Феррара | страница 4
– А что он здесь забыл? – отчетливо спросили из одного угла.
– Он здесь впервые, – ответили из другого.
– Что же он ищет?
– Может быть, вдохновение?
– Вдохновение в шкафу между пиджаком и брюками висит, – голоса стихли.
Он оглядывался, дрожал, завернутый в полотенце. Но в мирно открытые ставни влетал седеющий вечер. В коридоре послышались шаги и голос, схожий с тем, что прозвучал из угла первым, грубо спросил снова, зачем-то по-французски:
– Паулина, дрянь этакая, где ты ходишь?
Невидимая Паулина не ответила, но он сразу успокоился. А на секунду было подумал, правы те, кто предупреждал его о голосах. Все чушь и муть, и нервы ни к черту, расшатаны, как игла в старом проигрывателе.
Смеясь над собой, почесывая голову, он открыл шкаф. Пиджак, брюки, нет между ними никакого вдохновения. И как оно должно выглядеть, вдохновение? Кусок газового шарфа? Рулон полотна? Шляпа в дырках? И что с ним делать, если бы оно и впрямь оказалось в шкафу. Нужно ли оно ему? А он ему?
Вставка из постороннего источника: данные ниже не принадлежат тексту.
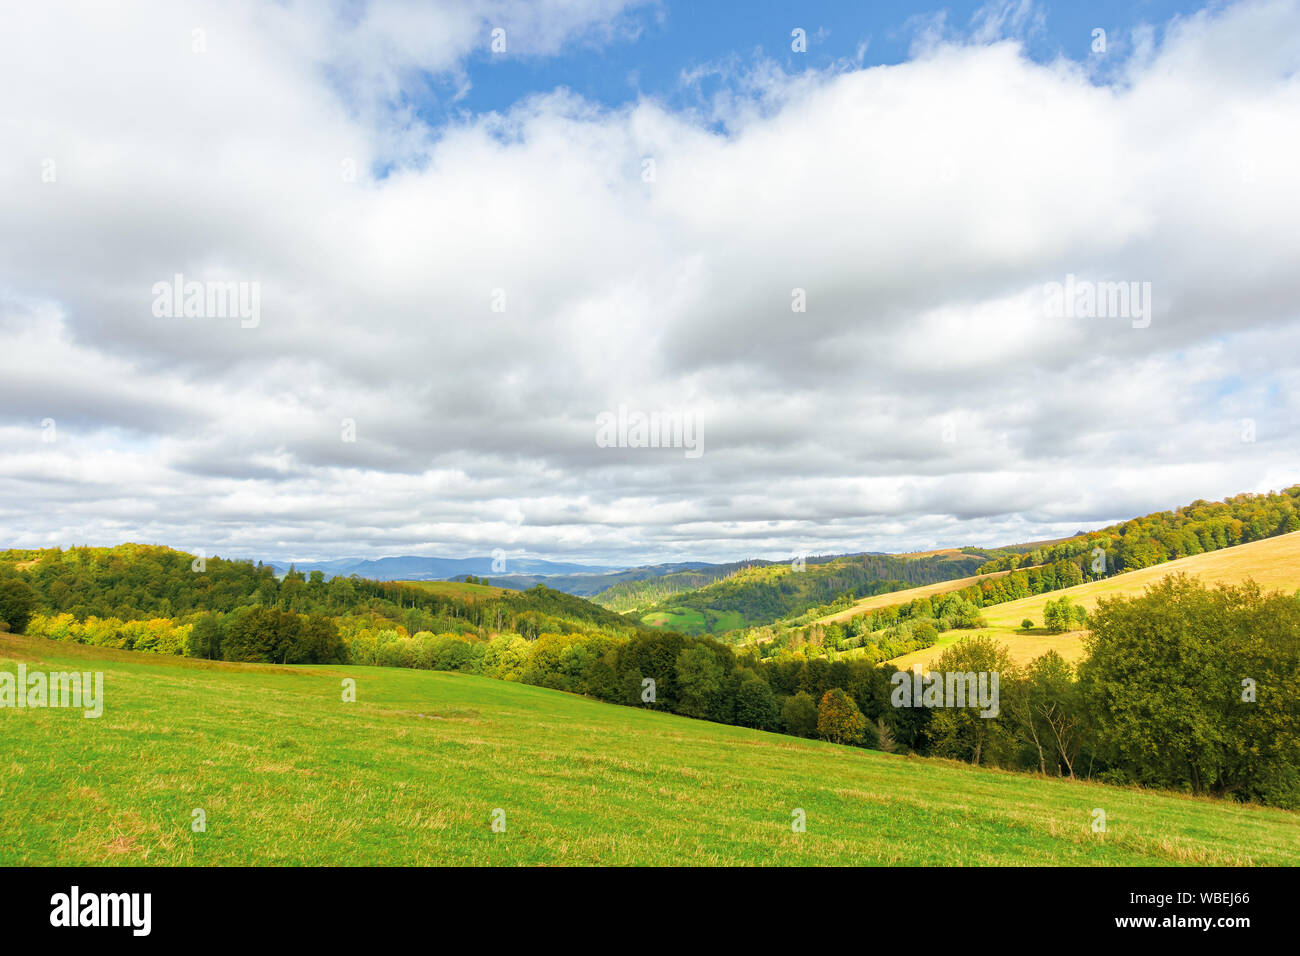 Die schöne Landschaft in Berg. Bäume auf grasbewachsenen Hügeln. sonnigen September wetter mit bewölktem Himmel. Wunderbare Natur Hintergrund Stockfoto

Вдохновение – бесполое создание, бескрылый гений, рожденный от непорочного зачатия матерью-девственницей. Но после его рождения уже никто не верил в то, что она девственницей и осталась. «Ребенок прошел по твоим путям», – кричали ей в лицо. «Он разорвал тебя изнутри». «Почему ты не могла столь же непорочно родить: без боли, без криков, без разрывов?» «Тебя же теперь шить-не-перешить», – возмущался доктор в белой маске, с белыми, по локоть в муке, руками. «Вот так скрываемся от докторов, тянем до последней минуты. Надеемся, что все рассосется. Само собой разойдется по организму. Ага, вдруг расплавятся синие глаза младенца, растекутся его пальцы и пяточки, и мозг под скорлупкой молодого грецкого ореха, так и останется нежной соединительной тканью, не превратиться в орган мысли.
Орган! Орган! Тут должен звучать орган. И вечно страдающий Бах пусть наяривает свою фугу. Рыба фугу, друзья-господа, с легкой руки заключенного замка Иф, стала обычным деликатесом, символом роковой смерти, которую мы едим каждый день, потому что знаем – виновны. И готовы повару-китайцу, весьма приблизительно знакомому с японской кухней, повару, который ненавидит все японское, лишь потому что его дед воевал с япошками, мы готовы отдать наши жизни. Мы вручаем ему свою судьбу и свой желудок. И наивно полагаем, что он мастер своего дела. Нет, мастеровой.
Аркадий очнулся на циновке возле кровати. Солнце заливало лицо. Он успел в ресторан, гости размещались парами, тройками, говорливыми четверками. Подсел за стол к Эмилии, хотя было еще два-три свободных.